Of great interest now, is a glimmer of emerging study of genetic factors in the emergence of language. I am (I hope) contributing to this effort by focusing on differences in language representation and processing as a function of familial handedness. We have documented with at least 20 behavioral paradigms that right handers process language differently when they also have left handers in their family pedigree: the main difference is that they focus on lexical knowledge more readily than syntactic pattern knowledge. Recently (giving up my prejudice against) brain imaging studies are showing corresponding neurological differences in how the lexicon is organized and when it is accessed during processing. This may give us a handle into what to look for in the maturing language learning brain, as a function of specific polymorphisms associated with phenotypic left handedness. We are beginning to collaborate with laboratories in Leipzig, San Sebastian, Genoa and Trieste on these possibilities.

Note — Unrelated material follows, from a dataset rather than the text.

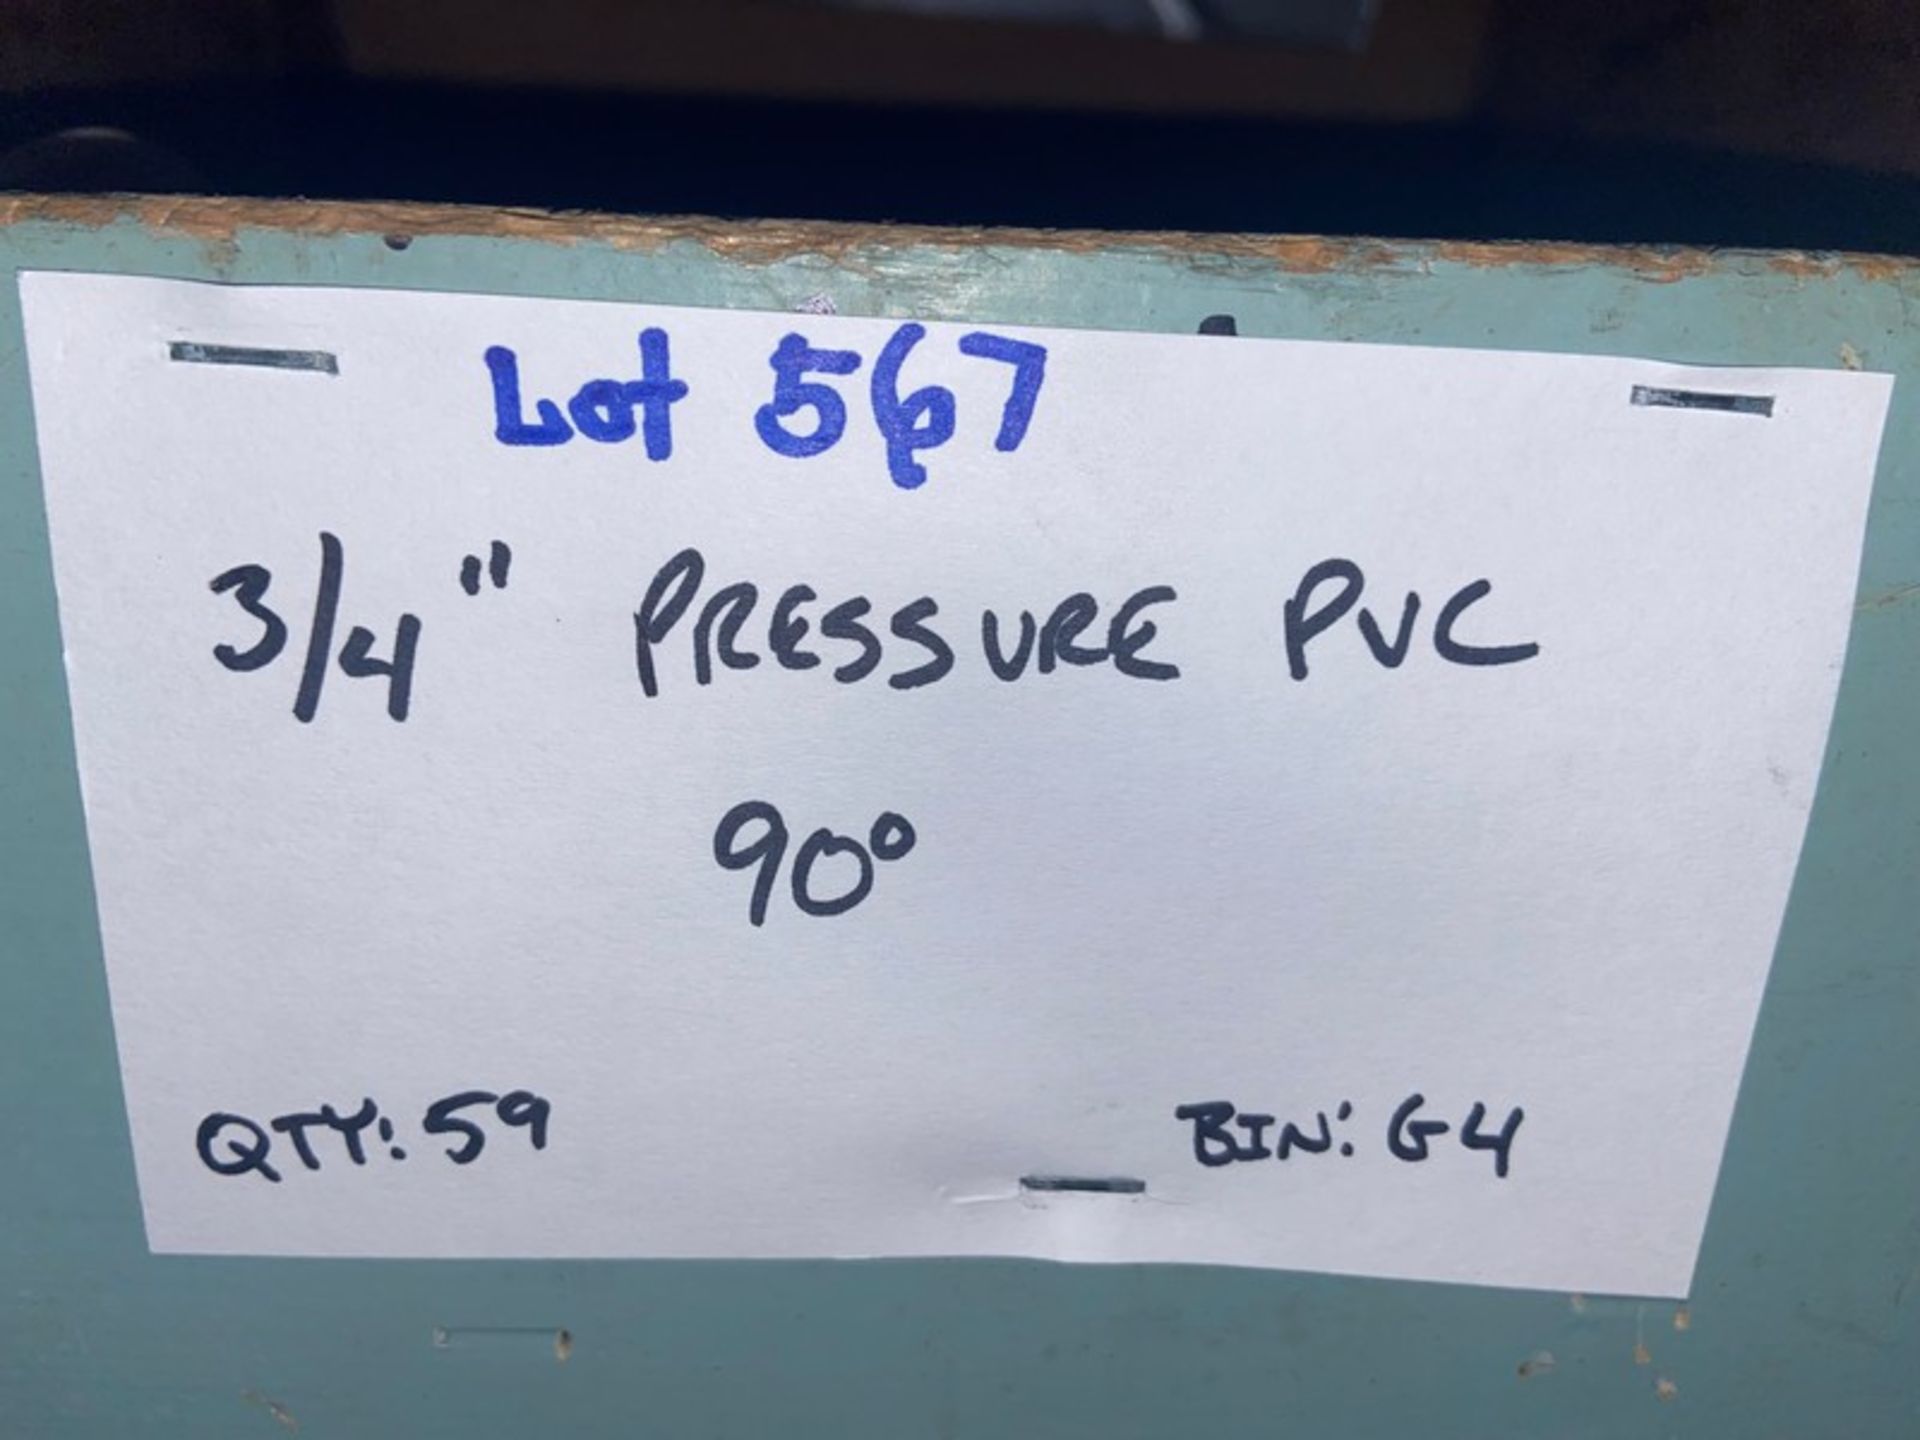 (59) 3/4 Pressure PVC 90’ (Bin:G4) (LOCATED IN MONROEVILLE, PA) - Image 4 of 6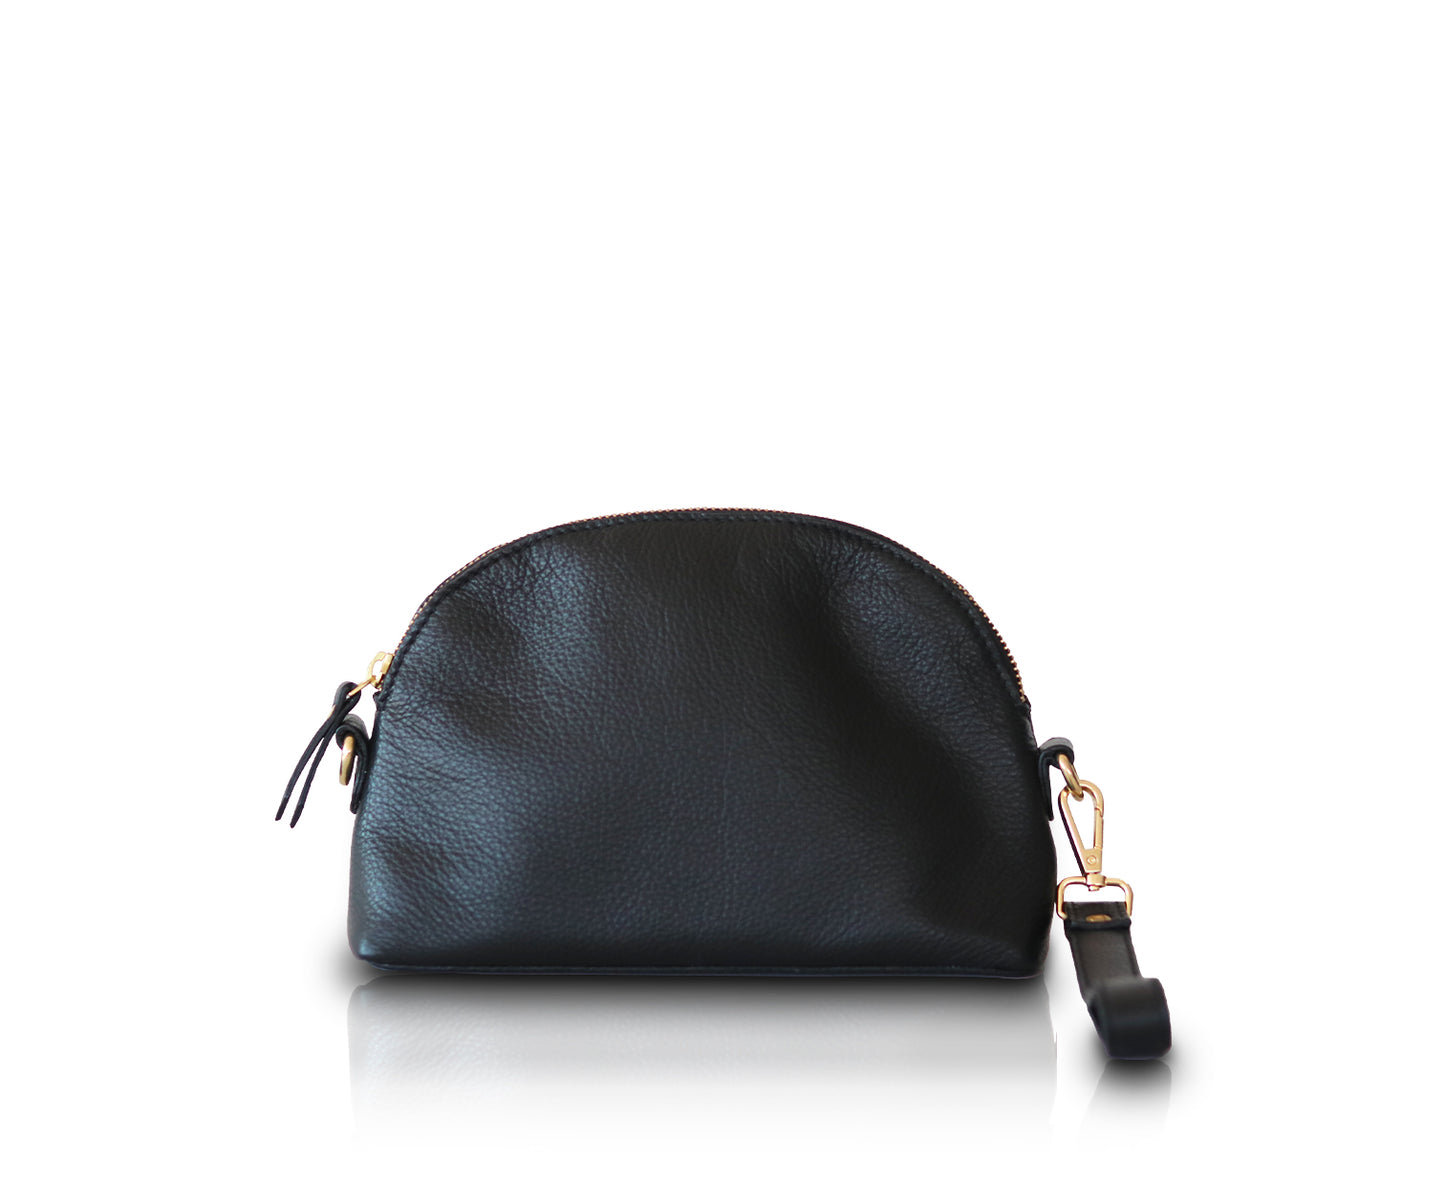 Load image into Gallery viewer, Leather Eclipse Crossbody Bags - Camel

So where are we today in relation to the original question, interrelating linguistic structure with maturation, behavior and the brain? Many of the specific aspects have been clarified, but an overall theory remains elusive. A few experiments purport to show that component computational processes involved in processing or representing sentences, involve uniquely located and/or timed brain processes. But we are a long way from understanding how such demonstrations will accumulate into a meaningful model. As is the usual case, careful serendipity will probably be our best bet.

Applied Coda.

Linguistics is more than a theoretical discipline. Quite a few (even MIT) linguistics graduates work in applied settings, on computational issues, or saving endangered languages, or on reading programs, just to name a few. In my own case, I have concentrated for years on using comprehension models to improve the readability and enjoyability of texts. A sample of basic methods involve: varying the between-word spacing to coordinate with major comprehension units: varying the clarity of individual letters as a function of their information value. For years, I tried to give away these ideas, but publishers are generally too skittish to accept them. So I patented implementations of these processes and others, and we are marketing them with some emerging success. Morris says this will be the first instance of anyone making money from Linguistics. I’m hoping it will eventually make it possible for an endowed chair of interdisciplinary studies as payback to the field. At the moment, the financial value is mostly theoretical.